CAGE permissive (Cap Analysis of Gene Expression) - is there evidence for a transcription start site at this loci (http://fantom.gsc.riken.jp/protocols/basic.html).
Retro Pseudogene - does this lincRNA overlap a retroposed pseudogene.
TE Overlap - does this lincRNA overlap a transposable element.
Identification of lincRNAs was conducted through the use of the CGAT NGS pipelines rnaseqtranscripts.py and rnaseqlncrna.py (Sims, 2014). The first pipeline identifies transfrags using cufflinks and retains those present in at least two samples. The second pipeline predicts lncRNAs by removing transfrags which overlap protein coding exons. These lncRNAs are then assessed for coding potential using the coding potential calculator (CPC; Kong, 2007) and removed if annotated as 'coding' (CP score >1). Only the intergenic (>2kb from any protein coding gene), multiexonic lncRNAs with expression in over 6 biological replicates were chosen for further investigation.
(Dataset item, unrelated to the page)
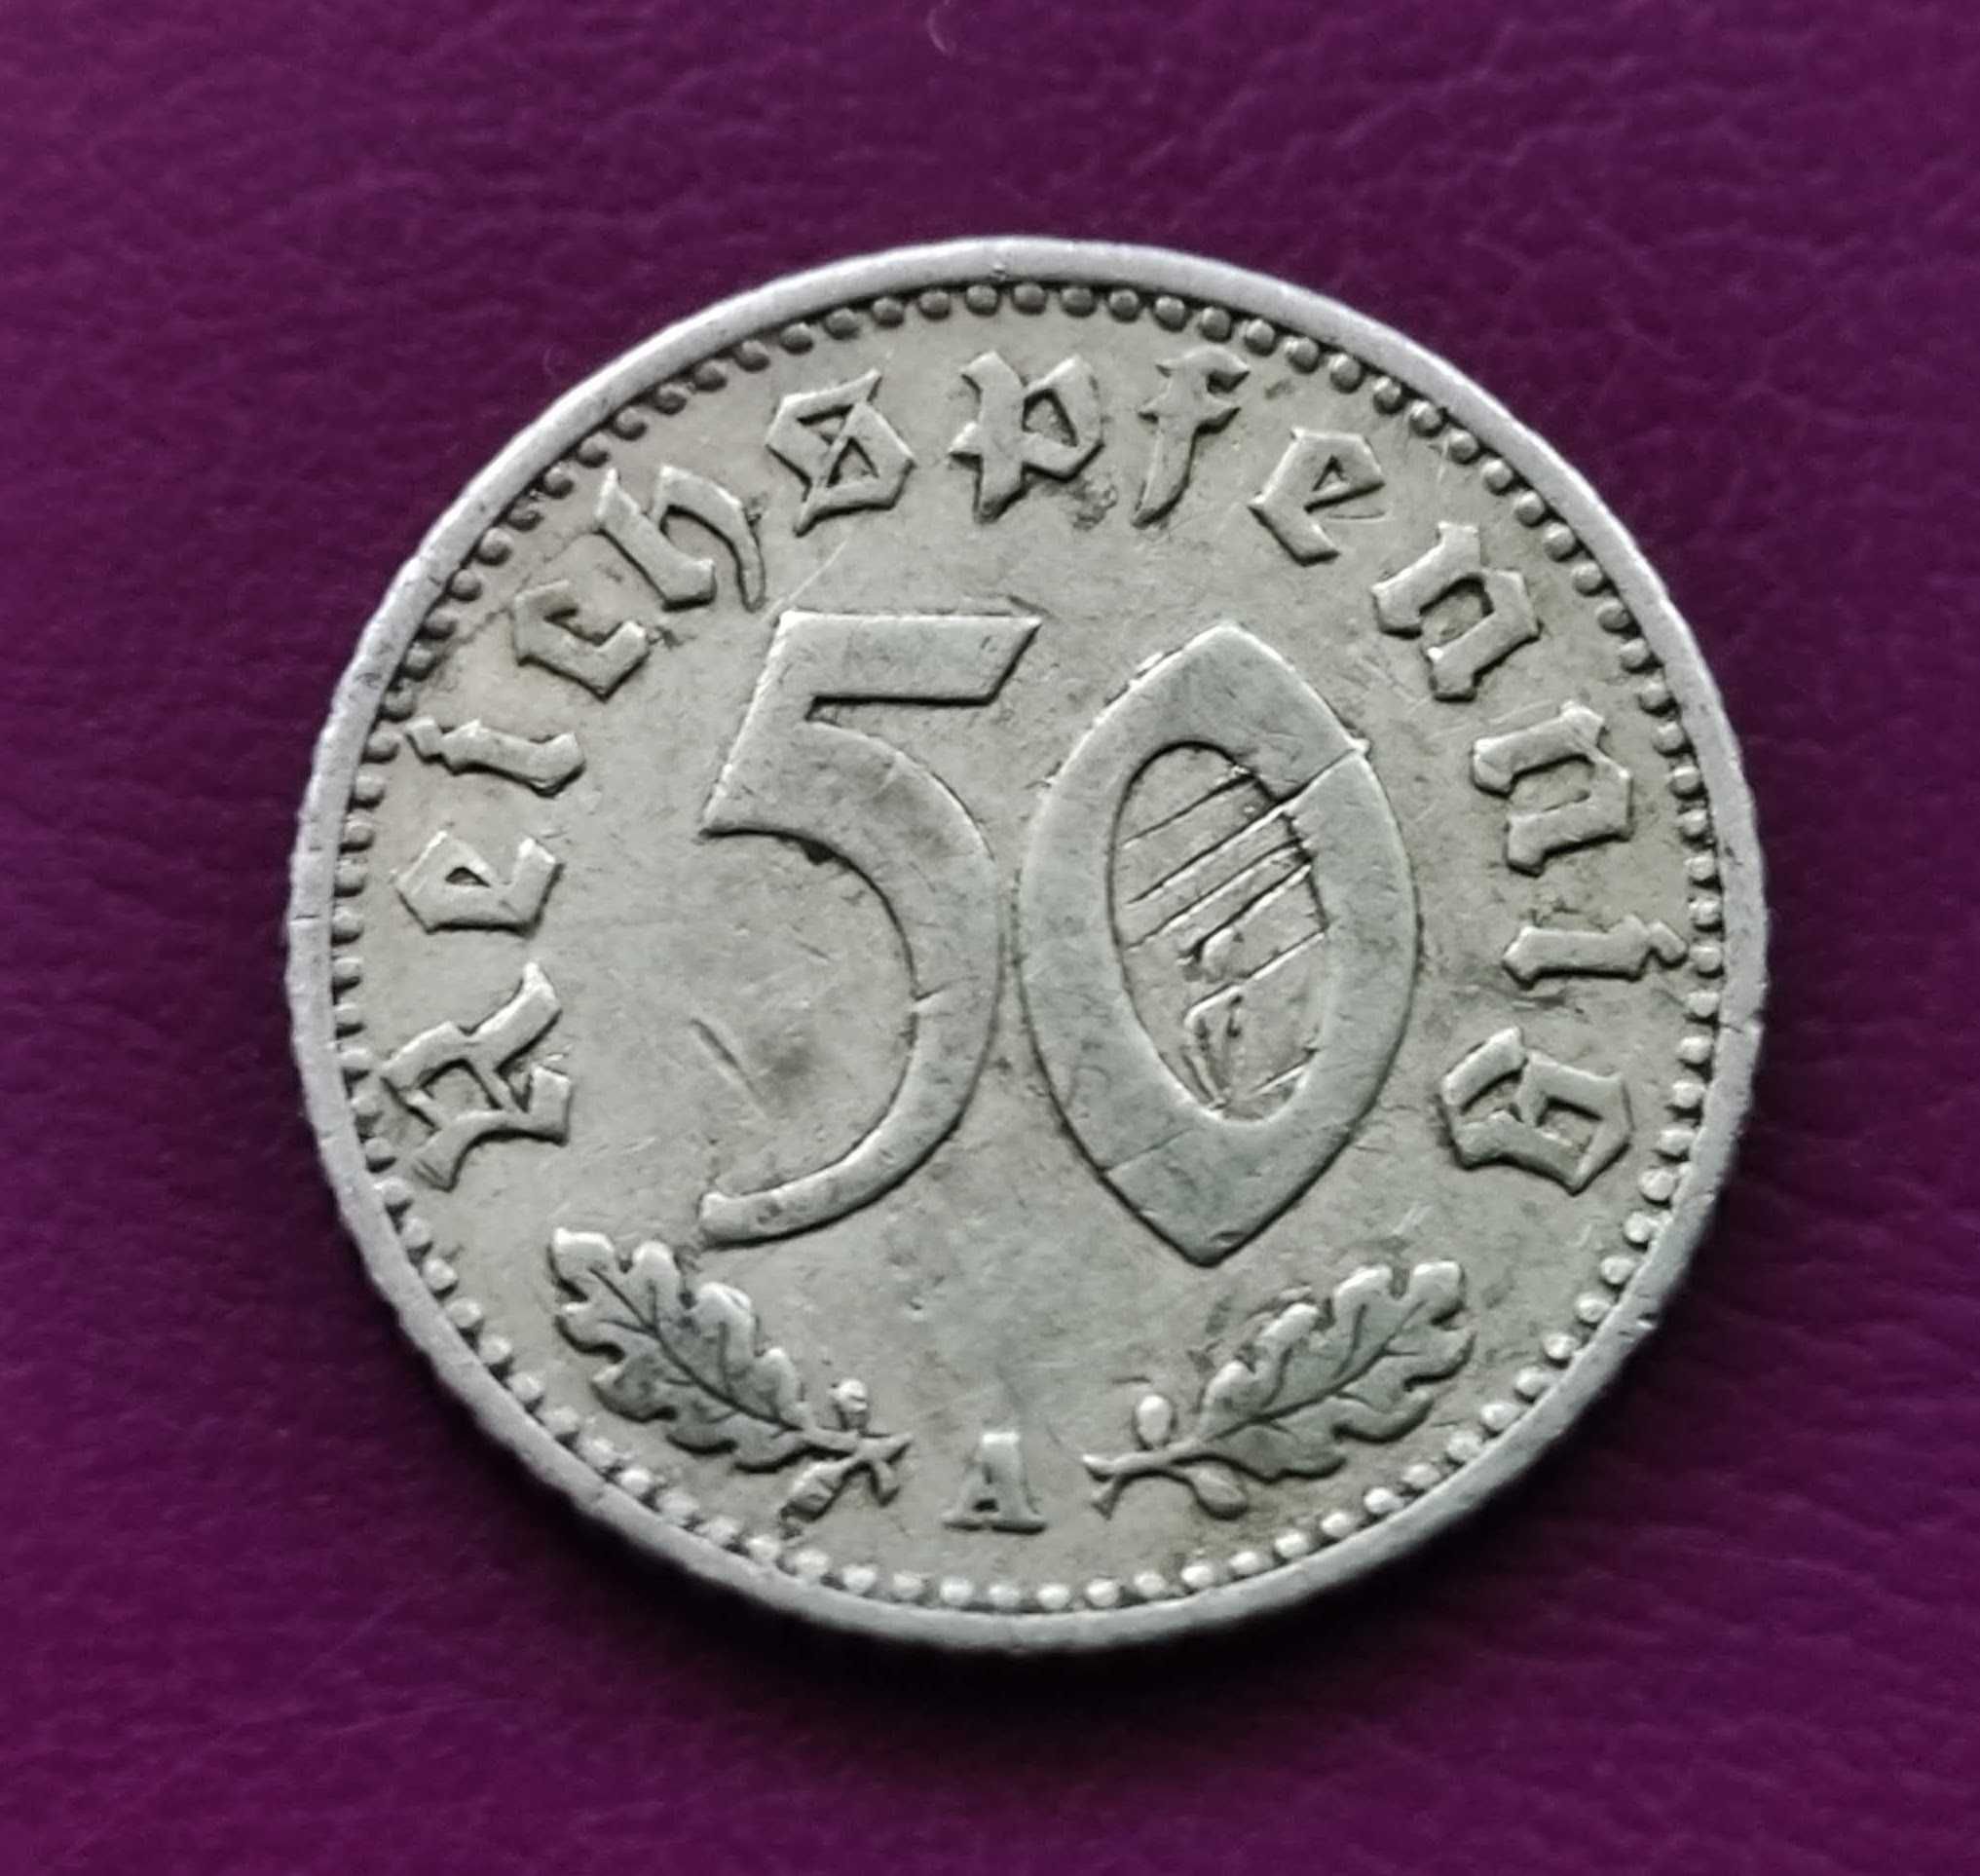 Moneta Niemcy - Trzecia Rzesza 50 reichsfenigów 1941 A - Rzadka

See the methodology in the 'Gene table' section.
De novo transcript assembly was conducted using cufflinks v2.0.2 (Trapnell et al., 2010) allowing identification of 6,610 novel exons. These were required not to overlap but were within a 10kb window of any feature in the most recent Ensembl or UCSC gene annotation sets. Of these exons, only those i) with a reciprocal overlap of <25% with any retroposed pseudogene (ucscRetroAli6), ii) with a reciprocal overlap of <50% with any transposable element, iii) with over 20 spliced reads in the novel exon, iv) with over 10 spliced reads per 100 bp of the novel exon, v) with over 20 reads that splice into a known transcript and were vi) shorter than 3,000bp, were retained providing a robust set of 1,013 novel exons.